• Task to complete: Below is some data; print it all back exactly.

• Available data:
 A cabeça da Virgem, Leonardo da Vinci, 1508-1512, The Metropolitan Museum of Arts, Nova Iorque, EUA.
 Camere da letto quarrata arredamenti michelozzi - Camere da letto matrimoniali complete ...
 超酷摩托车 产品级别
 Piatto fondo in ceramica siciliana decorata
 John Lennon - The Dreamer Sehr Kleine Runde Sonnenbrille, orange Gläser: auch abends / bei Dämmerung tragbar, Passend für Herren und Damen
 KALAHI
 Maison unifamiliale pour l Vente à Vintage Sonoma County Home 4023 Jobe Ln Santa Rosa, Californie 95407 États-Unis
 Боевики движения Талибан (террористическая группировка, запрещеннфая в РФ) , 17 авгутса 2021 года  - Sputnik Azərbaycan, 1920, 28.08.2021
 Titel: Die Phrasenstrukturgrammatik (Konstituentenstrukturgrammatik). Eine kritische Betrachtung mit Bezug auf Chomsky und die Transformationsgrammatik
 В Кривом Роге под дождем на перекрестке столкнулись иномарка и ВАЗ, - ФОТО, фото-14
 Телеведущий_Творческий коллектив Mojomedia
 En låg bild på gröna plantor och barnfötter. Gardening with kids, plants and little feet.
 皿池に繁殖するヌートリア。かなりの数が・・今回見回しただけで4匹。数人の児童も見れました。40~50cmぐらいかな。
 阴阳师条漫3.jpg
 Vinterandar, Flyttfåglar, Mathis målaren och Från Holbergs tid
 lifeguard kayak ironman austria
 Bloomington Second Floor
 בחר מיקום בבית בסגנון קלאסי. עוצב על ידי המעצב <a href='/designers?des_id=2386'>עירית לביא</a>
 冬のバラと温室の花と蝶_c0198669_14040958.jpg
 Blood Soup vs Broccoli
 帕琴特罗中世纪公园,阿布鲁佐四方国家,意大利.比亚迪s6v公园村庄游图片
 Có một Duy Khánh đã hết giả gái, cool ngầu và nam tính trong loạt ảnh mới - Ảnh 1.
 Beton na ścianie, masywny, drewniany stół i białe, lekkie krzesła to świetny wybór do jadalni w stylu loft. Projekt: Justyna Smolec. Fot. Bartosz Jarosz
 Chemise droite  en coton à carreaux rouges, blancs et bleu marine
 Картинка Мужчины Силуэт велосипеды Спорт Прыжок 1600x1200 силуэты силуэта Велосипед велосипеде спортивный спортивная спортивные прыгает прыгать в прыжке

• Task solution:
 A cabeça da Virgem, Leonardo da Vinci, 1508-1512, The Metropolitan Museum of Arts, Nova Iorque, EUA.
 Camere da letto quarrata arredamenti michelozzi - Camere da letto matrimoniali complete ...
 超酷摩托车 产品级别
 Piatto fondo in ceramica siciliana decorata
 John Lennon - The Dreamer Sehr Kleine Runde Sonnenbrille, orange Gläser: auch abends / bei Dämmerung tragbar, Passend für Herren und Damen
 KALAHI
 Maison unifamiliale pour l Vente à Vintage Sonoma County Home 4023 Jobe Ln Santa Rosa, Californie 95407 États-Unis
 Боевики движения Талибан (террористическая группировка, запрещеннфая в РФ) , 17 авгутса 2021 года  - Sputnik Azərbaycan, 1920, 28.08.2021
 Titel: Die Phrasenstrukturgrammatik (Konstituentenstrukturgrammatik). Eine kritische Betrachtung mit Bezug auf Chomsky und die Transformationsgrammatik
 В Кривом Роге под дождем на перекрестке столкнулись иномарка и ВАЗ, - ФОТО, фото-14
 Телеведущий_Творческий коллектив Mojomedia
 En låg bild på gröna plantor och barnfötter. Gardening with kids, plants and little feet.
 皿池に繁殖するヌートリア。かなりの数が・・今回見回しただけで4匹。数人の児童も見れました。40~50cmぐらいかな。
 阴阳师条漫3.jpg
 Vinterandar, Flyttfåglar, Mathis målaren och Från Holbergs tid
 lifeguard kayak ironman austria
 Bloomington Second Floor
 בחר מיקום בבית בסגנון קלאסי. עוצב על ידי המעצב <a href='/designers?des_id=2386'>עירית לביא</a>
 冬のバラと温室の花と蝶_c0198669_14040958.jpg
 Blood Soup vs Broccoli
 帕琴特罗中世纪公园,阿布鲁佐四方国家,意大利.比亚迪s6v公园村庄游图片
 Có một Duy Khánh đã hết giả gái, cool ngầu và nam tính trong loạt ảnh mới - Ảnh 1.
 Beton na ścianie, masywny, drewniany stół i białe, lekkie krzesła to świetny wybór do jadalni w stylu loft. Projekt: Justyna Smolec. Fot. Bartosz Jarosz
 Chemise droite  en coton à carreaux rouges, blancs et bleu marine
 Картинка Мужчины Силуэт велосипеды Спорт Прыжок 1600x1200 силуэты силуэта Велосипед велосипеде спортивный спортивная спортивные прыгает прыгать в прыжке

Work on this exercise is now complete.